Summary and Setup

Lesson Maintainers: {{ page.maintainers | join: ‘,’ }}

Python is a general purpose programming language that is useful for writing scripts to work effectively and reproducibly with data.

This is an introduction to Python designed for participants with no programming experience. These lessons can be taught in a day (~ 6 hours). They start with some basic information about Python syntax, the Jupyter notebook interface, and move through how to import CSV files, using the pandas package to work with data frames, how to calculate summary information from a data frame, and a brief introduction to plotting. The last lesson demonstrates how to work with databases directly from Python.

Getting Started

Data Carpentry’s teaching is hands-on, so participants are encouraged to use their own computers to ensure the proper setup of tools for an efficient workflow.

These lessons assume no prior knowledge of the skills or tools.

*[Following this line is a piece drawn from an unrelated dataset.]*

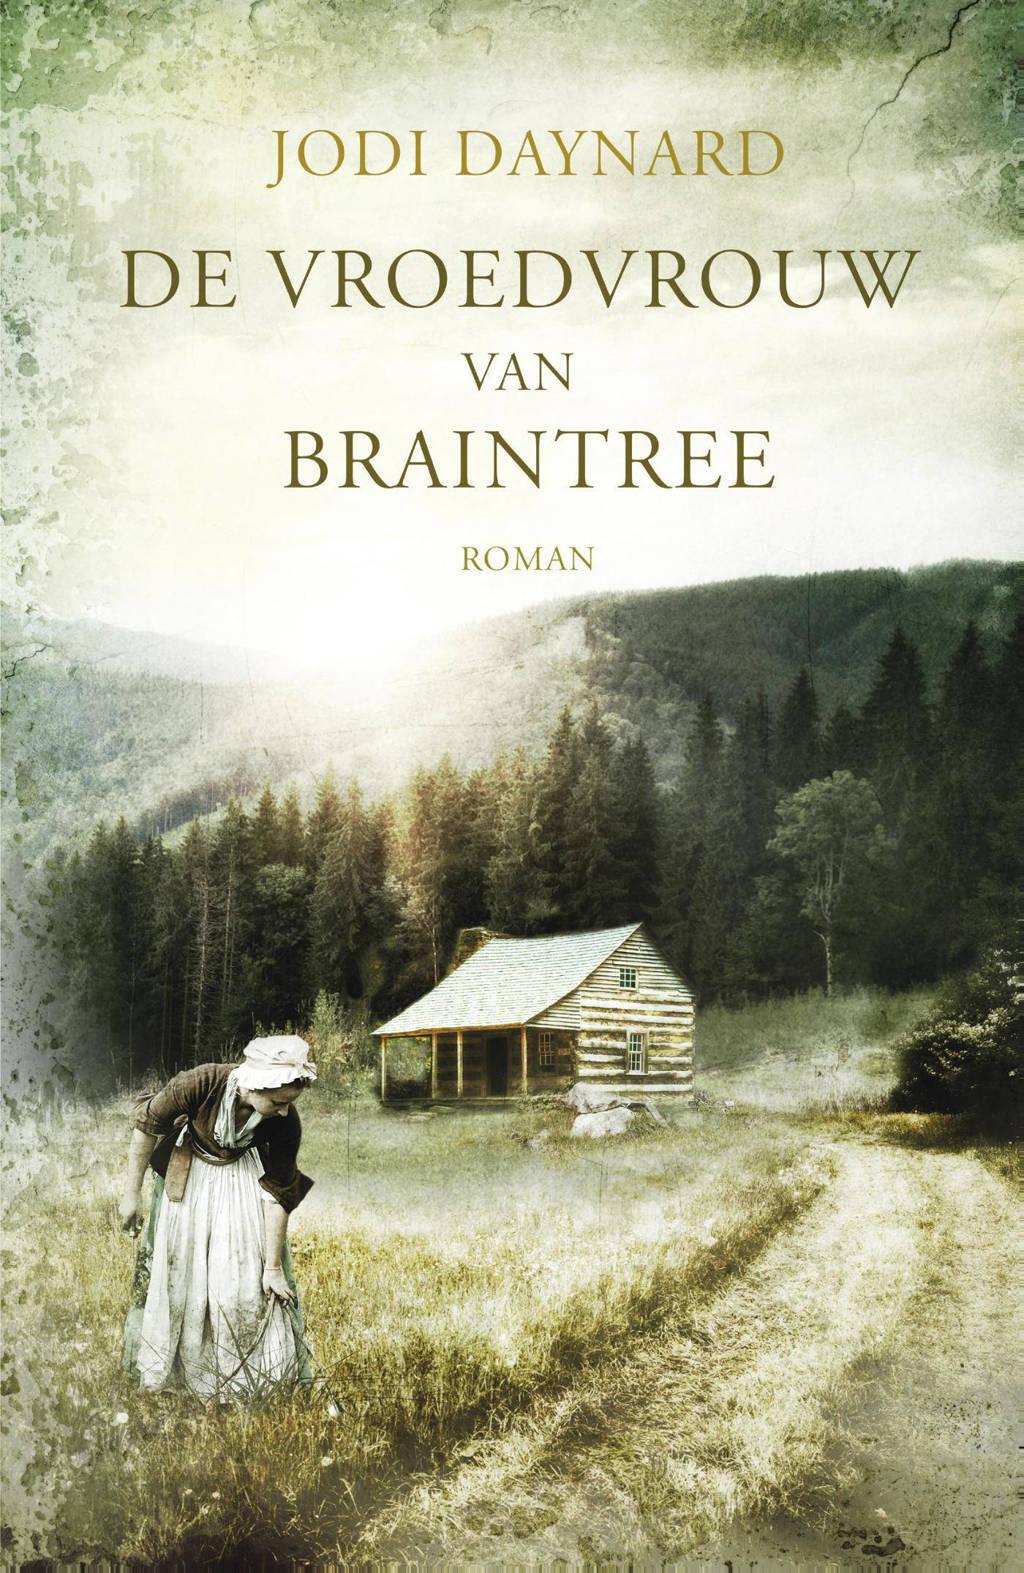 De vroedvrouw van Braintree - Jodi Daynard

To get started, follow the directions in the “Setup” tab to download data to your computer and follow any installation instructions.

Prerequisites

This lesson requires a working copy of Python.

To most effectively use these materials, please make sure to install everything before working through this lesson and download data files mentioned in the Setup tab.

For Instructors

If you are teaching this lesson in a workshop, please see the Instructor notes.

Data

Data for this lesson is from the The SAFI Teaching Database and Audit of Political Engagement 11, 2013.

We will use the files listed below for the data in this lesson. You can download the files by clicking on the links.

Note: make sure to place the data files on the same folder that your notebook is running on.

Software

Python is a popular language for scientific computing, and great for general-purpose programming as well. Installing all of its scientific packages individually can be a bit difficult, so we recommend an all-in-one installer.

For this workshop we use Python version 3.x.

Required Python Packages for this workshop

Setup instructions for Python


In order to complete the materials for the Python lesson, you will need Python to be installed on your machine. As many of the examples and exercises use Jupyter notebooks, you will need it to be installed as well.

The Anaconda distribution of Python will allow you to install both Python and Jupyter notebooks as a single install. Anaconda will also install many other commonly used Python packages.

How to install the Anaconda distribution of python

  1. Follow the Anaconda link above to the Anaconda website. There are versions of Anaconda available for Windows, macOS, and Linux. The website will detect your operating system and provide a link to the appropriate download.
  2. There will be two options, one for Python 2.x and another for Python 3.x. We will take the Python 3.x option. Python 2.x will eventually be phased out but is still provided for backward compatibility with some older optional Python modules. The majority of popular modules have been converted to work with Python 3.x. The actual value of x will vary depending on when you download. At the time of writing I am being offered Python 3.6 or Python 2.7.
  3. For Windows and Linux there is the option of either a 64 bit (default) download or a 32 bit download. Unless you know that you have an old 32 bit pc you should choose the 64 bit installer.
  4. Run the downloaded installer program. Accept the default settings until you are given the option to add Anaconda to your environmental Path variable. Despite the recommendation not to and the subsequent warning, you should select this option. This will make it easier later on to start Jupyter notebooks from any location.
  5. The installation can take a few minutes. When finished you should be able to open a cmd prompt (Type cmd from Windows start and into the cmd window type python. You should get a display similar to that below. Python Install
  6. The >>> prompt tells you that you are in the Python environment. You can exit Python with the exit() command.

Running Jupyter Notebooks in Windows

  1. From file explorer navigate to where you can select the folder which contains your Jupyter Notebook notebooks (it can be empty initially).
  2. Hold down the shift key and right-click the mouse
  3. The pop-up menu items will include an option to start a cmd window or in the latest Windows release start a ‘PowerShell’ window. Select whichever appears.
  4. When the window opens, type the command jupyter notebook.
  5. Several messages will appear in the command window. In addition your default web browser will open and display the Jupyter notebook home page. The main part of this is a file browser window starting at the folder you selected in step 1.
  6. There may be existing notebooks which you can select and open in a new tab in your browser or there is a menu option to create a new notebook. Python Install
  7. The Jupyter package creates a small web services and opens your browser pointing at it. If your browser does not open, you can open it manually and specify ‘localhost:8888’ as the URL.
  8. Port 8888 is the default port used by the Jupyter web service, but if it is already in use it will increment the port number automatically. Either way the port number it does use is given in a message in the cmd/powershell window.
  9. Once running, the cmd/powershell window will display additional messages, e.g. about saving notebooks, but there is no need to interact with it directly. The window can be minimized and ignored.
  10. To shut Jupyter down, select the cmd/powershell window and type Ctrl+c twice and then close the window.